On April 9, 1865, General Robert E. Lee surrendered the Army of Northern Virginia to General Ulysses S. Grant of the United States Army at Appomattox Court House in Virginia, effectively ending the war that the Confederate States waged in order to keep Black humans in bondage.
The United States had defeated the armies and the navy of the Confederate States. To the northerners celebrating in the streets, it looked like the South’s ideology had been thoroughly discredited.
Southern politicians had led their neighbors to war to advance the idea that some people were better than others and had the right to rule. In their view the founders of the United States had made a terrible mistake when they declared, “All men are created equal.” In place of that “fundamentally wrong” idea, they proposed “the great truth” that White men were a “superior race.” And even within that superior race, some men were better than others.
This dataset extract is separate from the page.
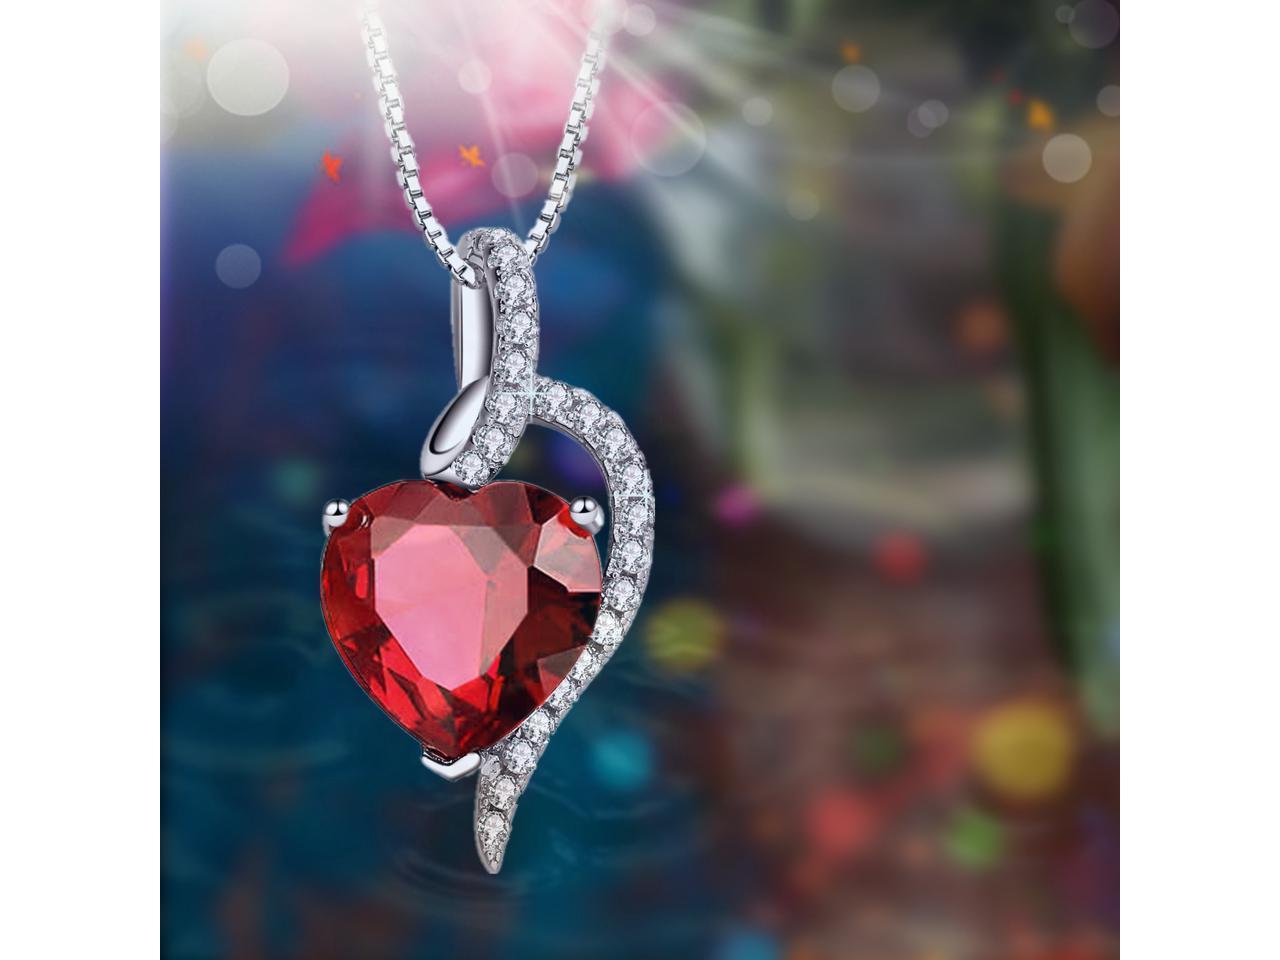 8mm Transparent Ruby Heart Bead #KHL005 12 Pcs

Those leaders were the ones who should rule the majority, southern leaders explained. “We do not agree with the Declaration of Independence, that governments ‘derive their just powers from the consent of the governed,’” enslaver George Fitzhugh of Virginia wrote in 1857. “All governments must originate in force, and be continued by force.” There were 18,000 people in Fitzhugh’s county yet only 1,200 of the so-called “right” people could vote “But we twelve hundred . . . never asked and never intend to ask the consent of the sixteen thousand eight hundred whom we govern.” But the majority of Americans recognized that if it were permitted to take hold, this ideology would destroy democracy. They fought to defeat the enslavers’ radical new definition of the United States.
“Four score and seven years ago our fathers brought forth on this continent, a new nation, conceived in Liberty, and dedicated to the proposition that all men are created equal. Now we are engaged in a great civil war, testing whether that nation, or any nation so conceived and so dedicated, can long endure.”
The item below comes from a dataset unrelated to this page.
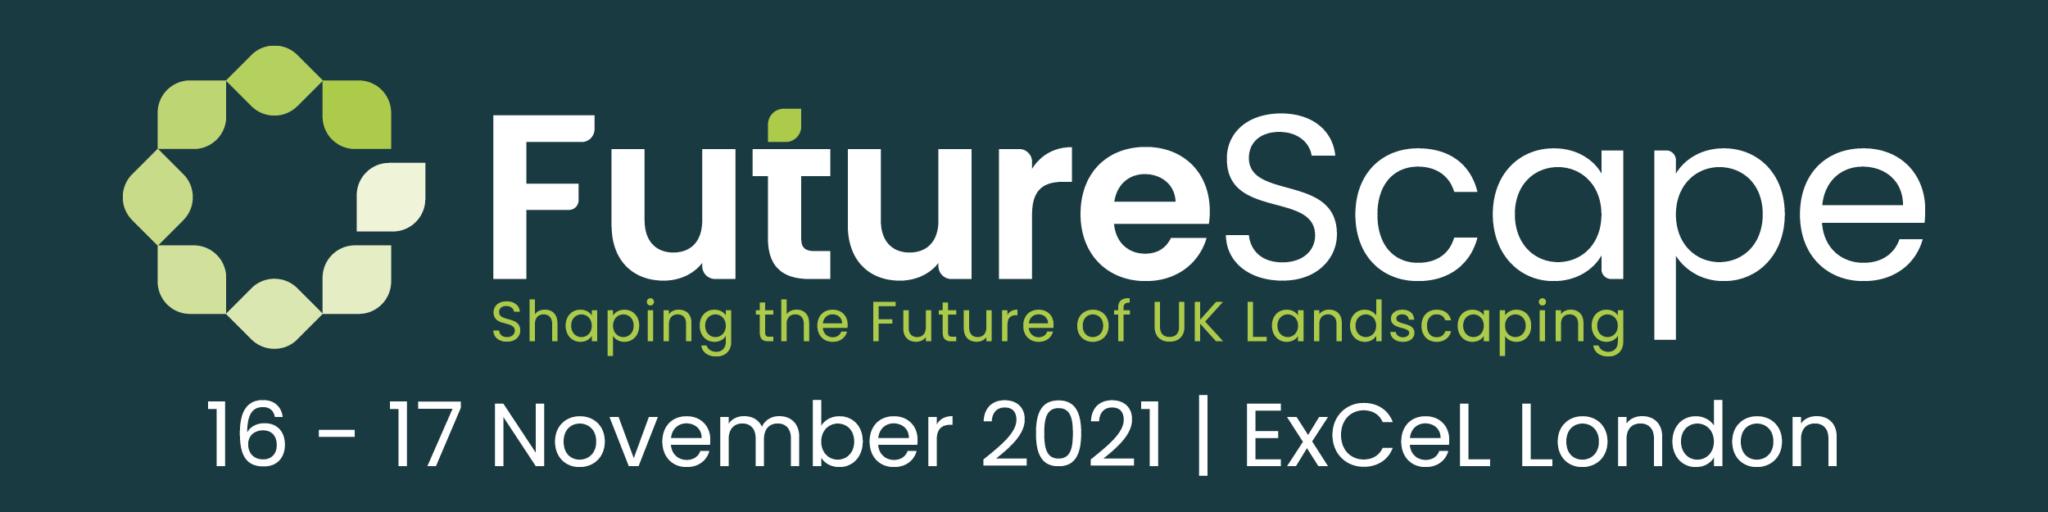 Westminster Stone @ FutureScape 2021

The events of April 9 reassured Americans that they had, in fact, saved the United States’ idea of a democracy of, by, and for all the people. Their victory on the battlefields made northerners think they had made sure that “this democracy shall not perish from the earth.” So confident was General Grant in the justice of his people’s cause that he asked only that Lee and his men give their word that they would never again fight against the United States and that they turn over their military arms and artillery. The men could keep their sidearms and their horses because Grant wanted them “to be able to put in a crop to carry themselves and their families through the next winter.”
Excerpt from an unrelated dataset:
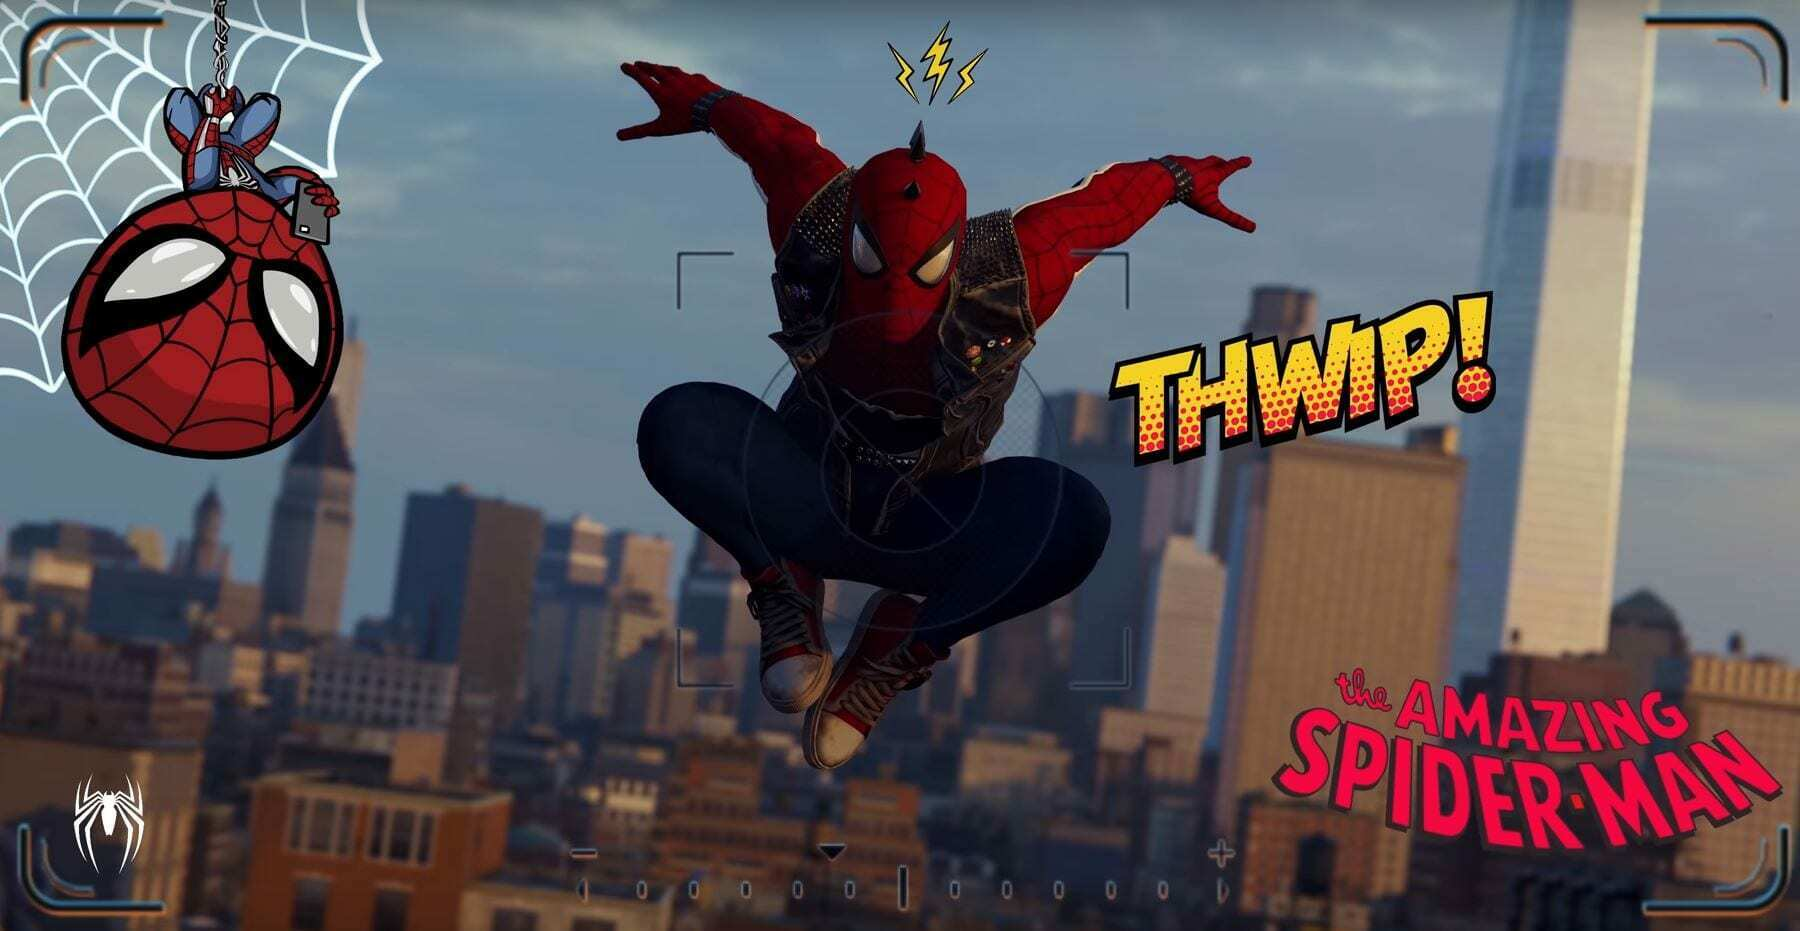 Spiderman Photo Mode

But northerners’ conviction that generosity would bring White southerners around to accepting the equality promised in the Declaration of Independence backfired. After Lincoln’s assassination, Andrew Johnson of Tennessee – famous in the news these last few days over murder and race - took over the presidency and worked hard to restore White supremacy. The decision of government officials 158 years ago to trust in the goodwill of former Confederates seemed at the time to be the honorable and best course for healing the divided nation. But it ended up prolonging White supremacist ideology.
Much of what you just read above was written by historian Heather Cox Richardson with edits by me. But as I read about the insurrection that lasted for 1,458 days in the 1800’s as men fought and died to force their view of race on the country, I could not help but think of the insurrection that lasted just one day in 2021 as men, flying the same flag as their counter-parts had 156 years earlier, fought and caused death and mayhem, as they too tried to impose their view of race and democracy on the country. I also could not help but think that after all these years since the country prevailed in that first insurrection, plus with the enactment of the 13th, 14th, 15th and 19th amendments settling the question of what kind of democracy we were going to be, that here some folks still are…fighting for their own, personal view of the way our democracy should look.
The rest of us, regardless of race or party affiliation, should be terrified. I also can’t help but think that we could shut down this hate if we simply shut down the politicians who promote it…whether they be school board members, county commissioners, voter registration clerks, town clerks, congressman and women, senators, or presidents. We could finally move past America’s thing with race that politicians poke at to gin up hate, fear and votes. You just need to get involved. There are politicians that you need to advocate for. And there are politicians that you need to advocate against. We all need to get past our personal and party issues and be for the country. A house divided against itself like we are truly cannot stand. There’s work to be done.
Well said Mr. Charron. We just really cannot do nothing. It’s not fair either to those on who’s shoulders we stand on, or to our kids.
its about the effort and the struggle. I am afraid in our lifetimes there will be no resolve. But to fulfill our humanity we must continue the effort and the struggle in everyday small personal ways and in grand educational and policy ways.